On Parade in Amazon America

On Parade in Amazon America

Sunday, September 20, 2020

Ringling Forever: Revisiting the Last Great Big Top Through the Pen of a Master

  
John Ringling North

How bitter-sweet it is, reading Center Ring, the richly endowed book by Pulitzer Prize-winning author Robert  Lewis Taylor, published in 1956 — the year of Ringling’s last big top.  Between its covers are a compilation of pieces Taylor turned out over the prior seven seasons for the New Yorker magazine.  These were based on his talking to the show’s leading stars and support staff on the ground.  If you have never read Center Ring, you have deprived yourself.  This one goes near the top of my list.

Bitter-sweet especially because of what we are living through — by far the worst season in American circus history. In fact, no season at all.  Among Corona’s long-term blows to American life, the circus may come out high on the list.  Pray it won’t.  As you know, it was already on life support.

Taylor’s literary treasure trove captures the golden years of John Ringling North.  Never, it might be argued, was the American circus more lavishly costumed, more profusely talented or daringly inventive.  That was the time of Cecil DeMille’s award winning movie, The Greatest Show on Earth.  The time when Europe's top acts counted a ring in the show – any ring – as a summit in their careers.

Is Taylor’s narrative all true? I can’t say it is. There are errors I have spotted. For example, I was surprised to learn that North was “usually accompanied by his brother Henry” on his talent scouting abroad. I thought that a female supplied companionship.  Nor did North discover Pinito del Oro in a “gypsy Cave.” 

Perhaps the show's vocally captivating publicist, Roland Butler, put some tale tales over on Taylor, who described him, “unquestionably the world’s  most skilled composer of embroidered news,"and rewarded him with the longest page count of all his profiles. 

As for the input of all the others quoted, their words ring true to me  And I fact checked a few of Taylor’s accounts to find them valid.

The author’s witty and clever prose makes for not only a damn good read, but a very instructive one.  There is so much here to learn from and be well entertained by. Among the depth of research, I was impressed by the information revealed on animal trainers and their insights.   And by, best of all ---  credit Art Concello, the ways of trapeze flyers.

Some excerpts:

Merle Evans on making song selections and how he arranged segments of them in an order “to sound like one natural composition.”

English circus owner Bertram Mills, in a desperate wire to John Ringling “I want that band leader of yours, and I want him bad.”

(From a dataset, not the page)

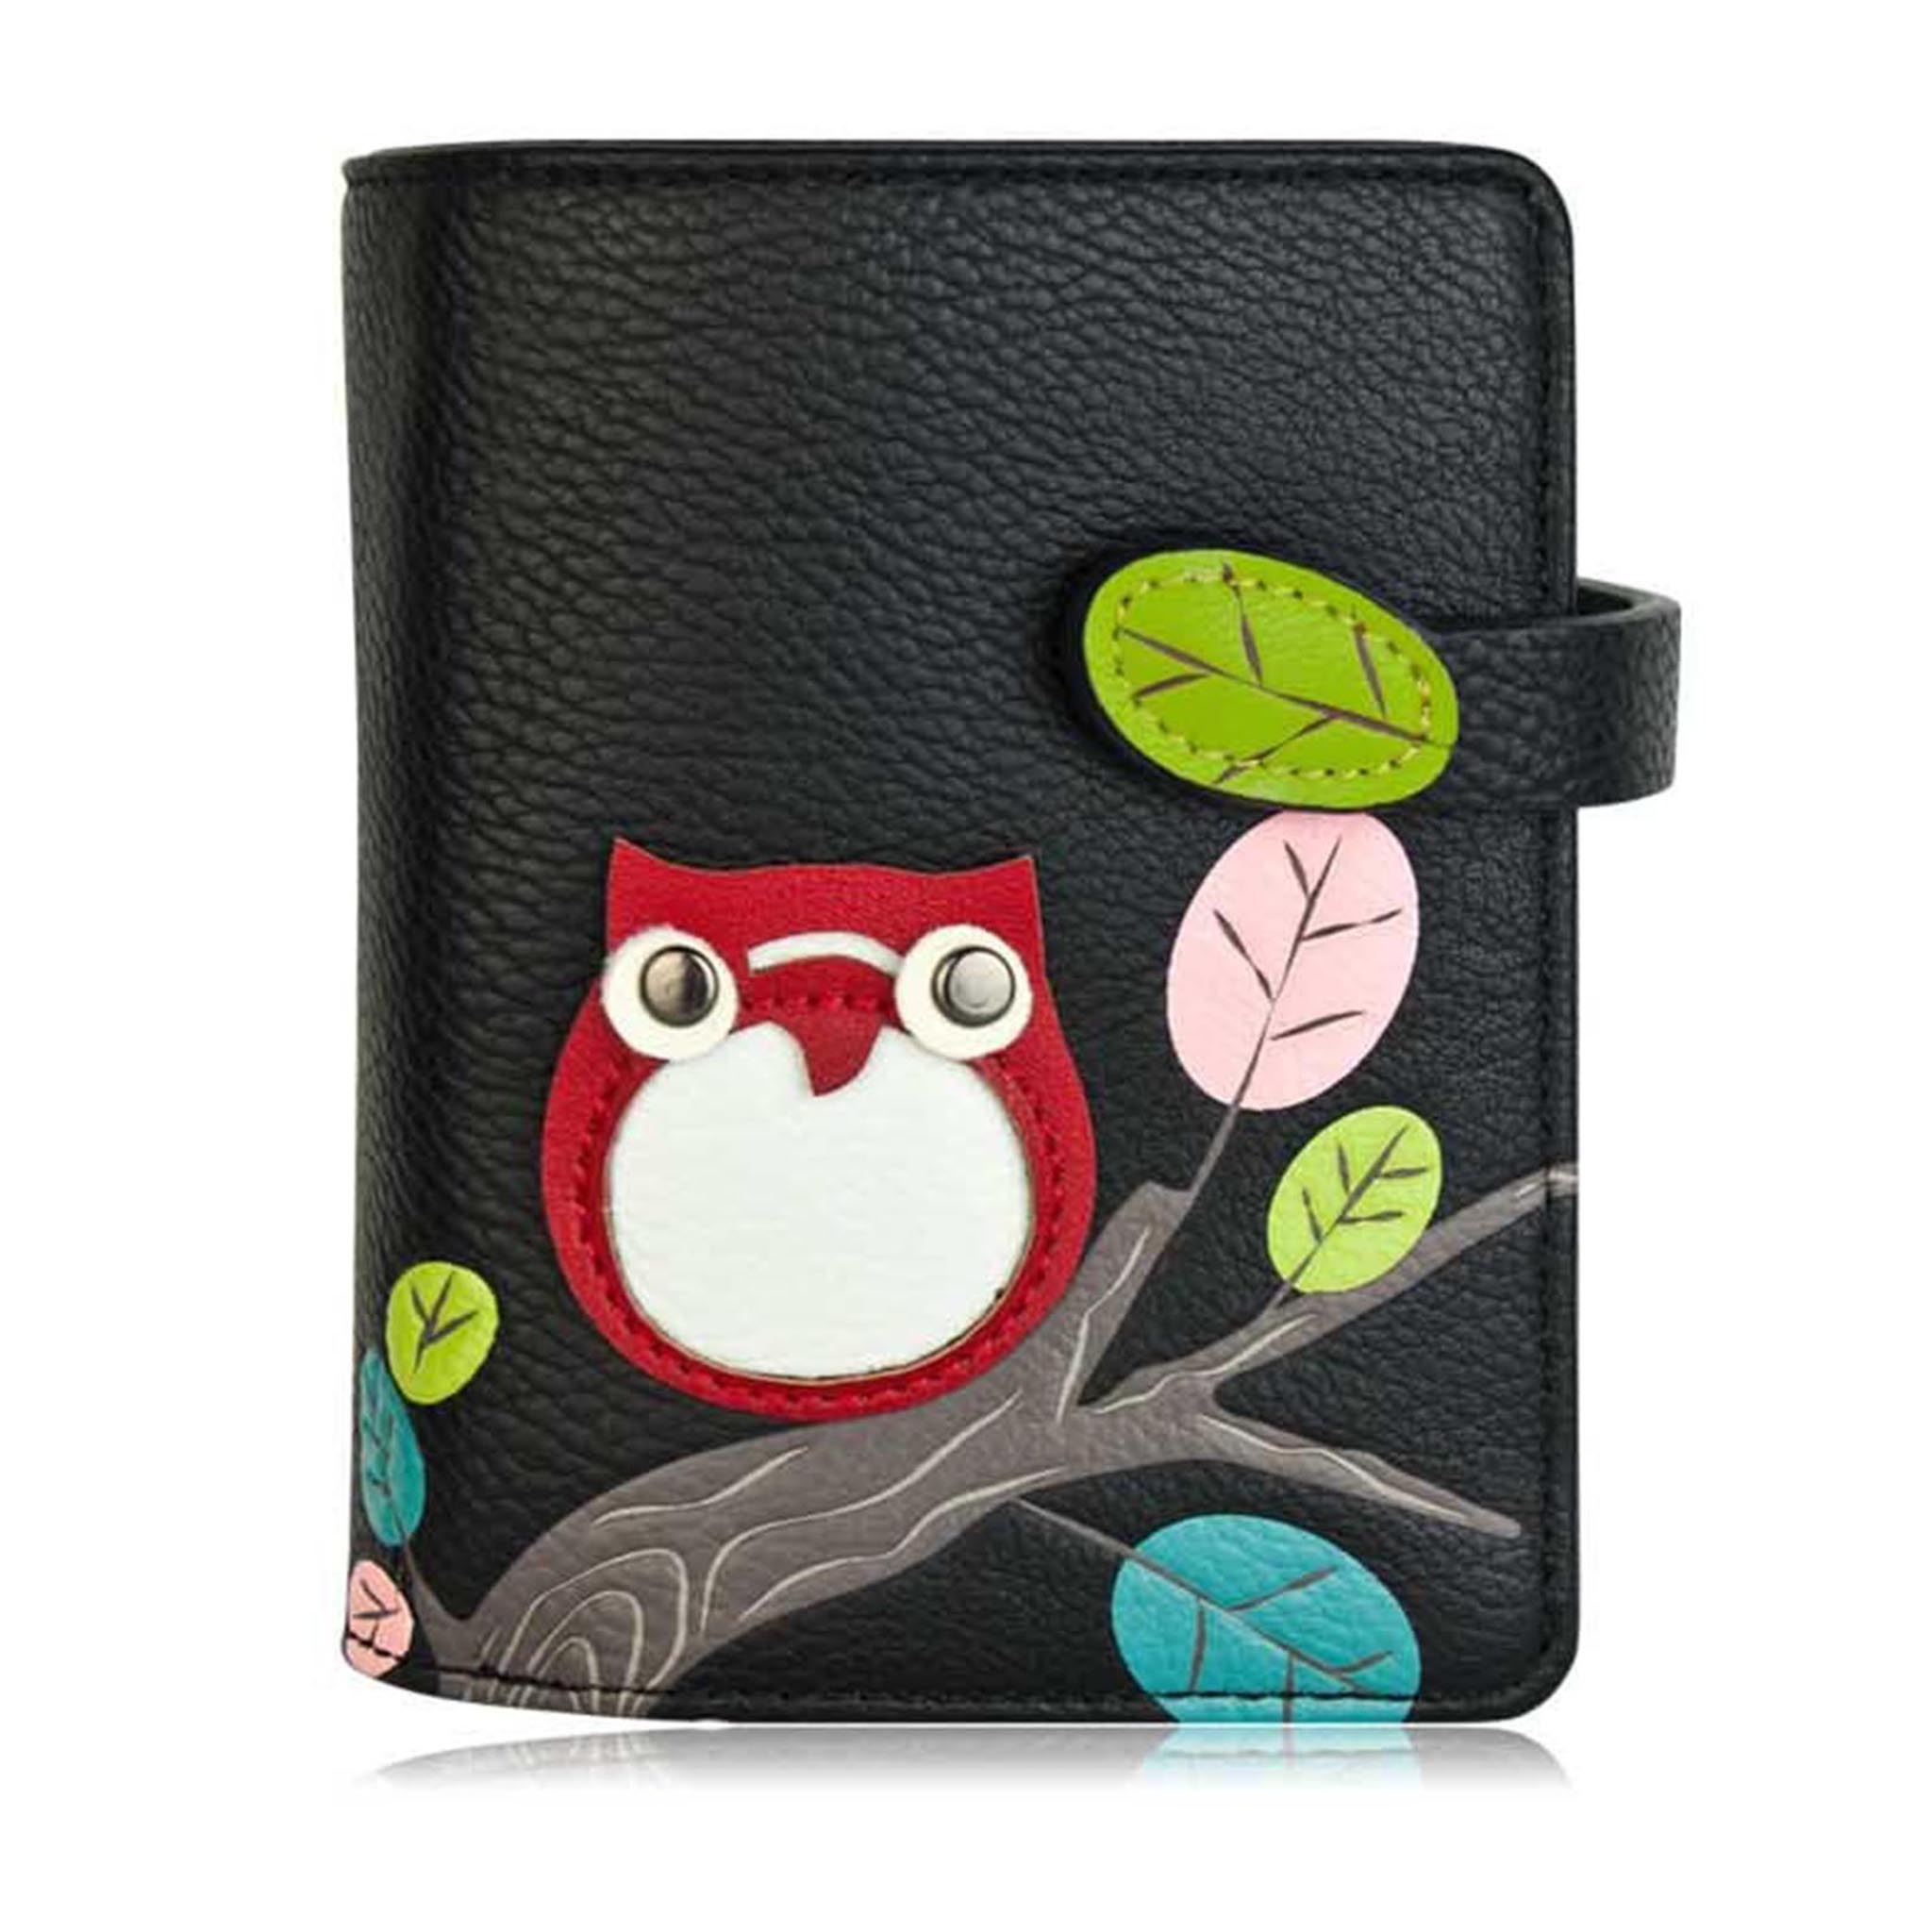 ESPE Gemma Vegan Leather Small Wallet with Cherry Blossom Appliqué Black

A “hardened circus hand” on the music for Wedding of the Winds:  “the minute I hear those first three notes of that god-damned waltz, I want to sit down and bawl.”

John Ringling in reply to Roland Butler about a piece fraught with lies, cooked up on Tom Mix by a young Ringling publicist: “Heat it up! Heat it up!  What do we care where it came from.”

 “For Pat Valdo, variety is the essence of circus” Amen.

Pat Valdo; “Most circus people perform for each other — the real critics – rather than for the crowds.”  I  believe this.

24-year-old Flyer Fay Alexander to Art Concello, at the start of spring training in Sarasota: “Art, I won’t put on another Mother Hubbard [for spec] ...  It’s professional suicide.”  Nonetheless, the sulking Fay could not get out of spec, but put on  something.  They hated it then as much as they do — did — up to the present time.

This is a remarkable achievement in circus literature, a great enduring read about the ways of circus people. how they do their work and how they feel about each other.  And now it offers us a radiant reminder of what we once had on these shores.  

By    the    way:  Where are all these hordes of people crowing around my midway coming from?   Have none of you the courage to make a non-anonymous peep -- in the heroically self-sacrificial act of daring to put your own name to it?  In fact, have you a name? You're not all robots, are you?  Pardon me for  just wondering.

4 comments:

Ron Finch said...

Dave:

As a kid I was fortunate enough to be somewhat acquainted with Pat Valdo. More like pen-pals, I still have his letters to my brother Gary and myself in my collection. We were young kids and made a connection with Pat when we wrote JRN about acquiring his tents! (Oh, the audacity of youth!!!!). The letter found its way to Pat who was originally from our hometown of Binghamton, NY. I can say Pat was a real gentleman and great influence on my love for the circus. Time to go back a re-read "Center Ring" and those letters. Thanks for the reminder!!!!

Showbiz David said...

I wish you could have bought the tents, Ron! Oh, those days ... We were lucky to live through them. We’ve at least got the movies and the books. With the local library not even offering pick up of books ordered, I am hunkering down with my own. Circus Rome to Ringling may be my next read. Take good care.

Jim Royal said...

Definitely a great read, right up there with "I love You Honey, But The Season's Over".

Showbiz David said...

Yes! That's another book I want to read again, if ever the local library comes out of hiding to allow for take out of books behind masks, through the crack in a door, delivered on the end of a disinfected ten foot shovel.